Using artificial intelligence to score leads helps your team find opportunities that humans can’t see, and deprioritize the ones wasting your team’s time.

Early results of implementing AI scoring models show a lift in net new generated pipeline and a productivity boost for revenue teams.

This article showcases:

How human scoring hurts revenue.
Differences between human and AI scoring.
How AI lead models work.
Real examples from PLG companies who’ve implemented AI-based scoring models.

Already know human based scoring is no good? Jump ahead and see what AI scoring can do!

The old way of scoring leads

Most of us fall into this category.

First, marketing comes up with a list of criteria for scoring leads and accounts. Criteria come from gut instincts, persona documentation, and subjective interpretation of customer behavior.

For sales-led companies, criteria might look like these (aka MQLs):

Attended webinar
Title is VP+
Function is Sales
Visited our website 6 times
Downloaded a whitepaper

For PLG companies, the same may apply, but the focus shifts toward product data (aka PQLs):

Logged into product 5x in past 2 weeks
Invited 2 users
Uploaded 5 documents (if you were Dropbox, for example)
Tried a premium feature

Once the criteria are known, marketing (or sales leaders) assign a weight, in the form of points, to each of them.

Based on how many are true for any given lead, an arbitrary “lead score” (usually out of 100) is compiled.

When scores jump above a blindly agreed-upon threshold, leads get passed to sales through a custom CRM field or via alerts (email or Slack).

For example: “all leads that have a score above 75 need to be acted on by SDRs”.

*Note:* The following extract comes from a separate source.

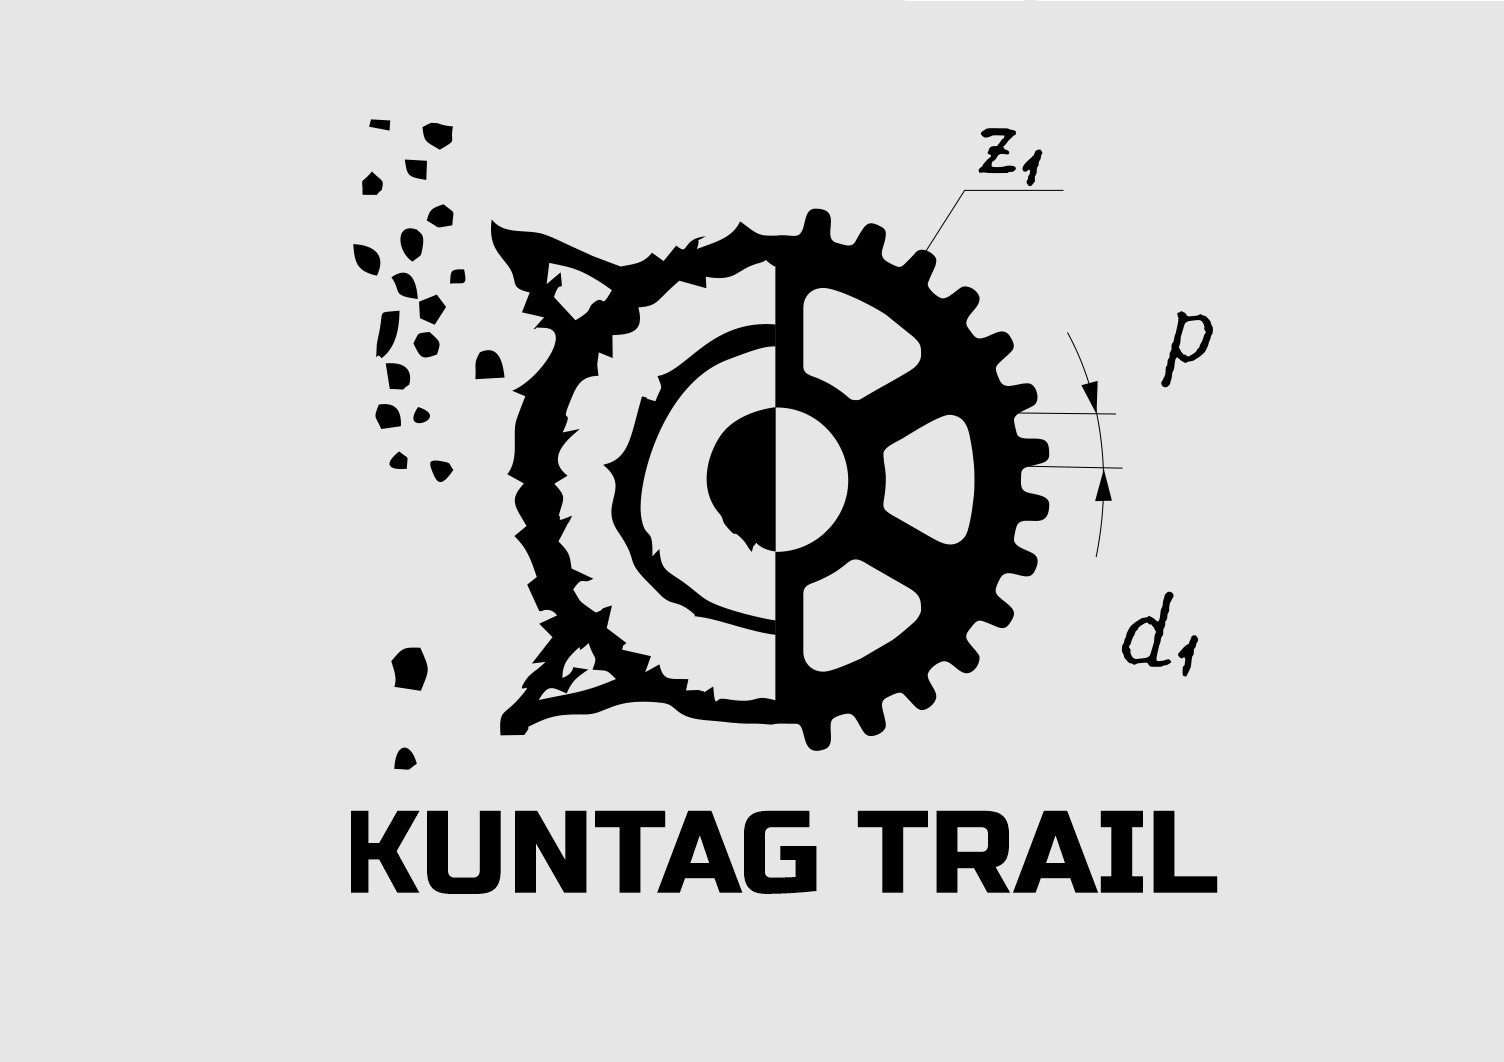 Kuntag trail

The untold problem here is that scores are passed, but the context is not.

According to Ryan Milligan, Senior Director of Rev Ops at Quotapath:

“Scores alone don’t explain what actions a human took and, more importantly, how your reps should reach out and engage with that person. In other words, what someone did as a human is far more important than whatever their actual score might be.”

Here’s why this needs to stop 👇

Problems with human scoring

PLG has too much data

Picture this: You’re playing follow the cup.

A ball is placed under one of 3 red cups. The gamemaster starts moving them around for a while and you need to keep track of the cup with the ball.

Now imagine the same game with 1000 cups and 5 balls. That’s what it's like to score leads in a product-led motion.

PLG exponentially increases the amount of data factored into the score for 2 reasons:

1. It adds 1 more layer of complexity to the weighting formula.

Scoring used to be a 2D world: ICP data + marketing data.

With PLG, scoring becomes 3D: ICP data + marketing data + product usage data.

Rubik cube representing lead scoring in PLG

Also, correlations between a signal and the lead’s intent to purchase aren’t as clear as requesting a demo. There are more users and accounts to sift through, lots of noise, and relevant trends that are out of sight.

2. More users = more data

When you open up your funnel to freemiums or free trials, you inherently get more users, thus more leads.

Consequently, all 3 layers of your scoring model will have to factor in more data overall.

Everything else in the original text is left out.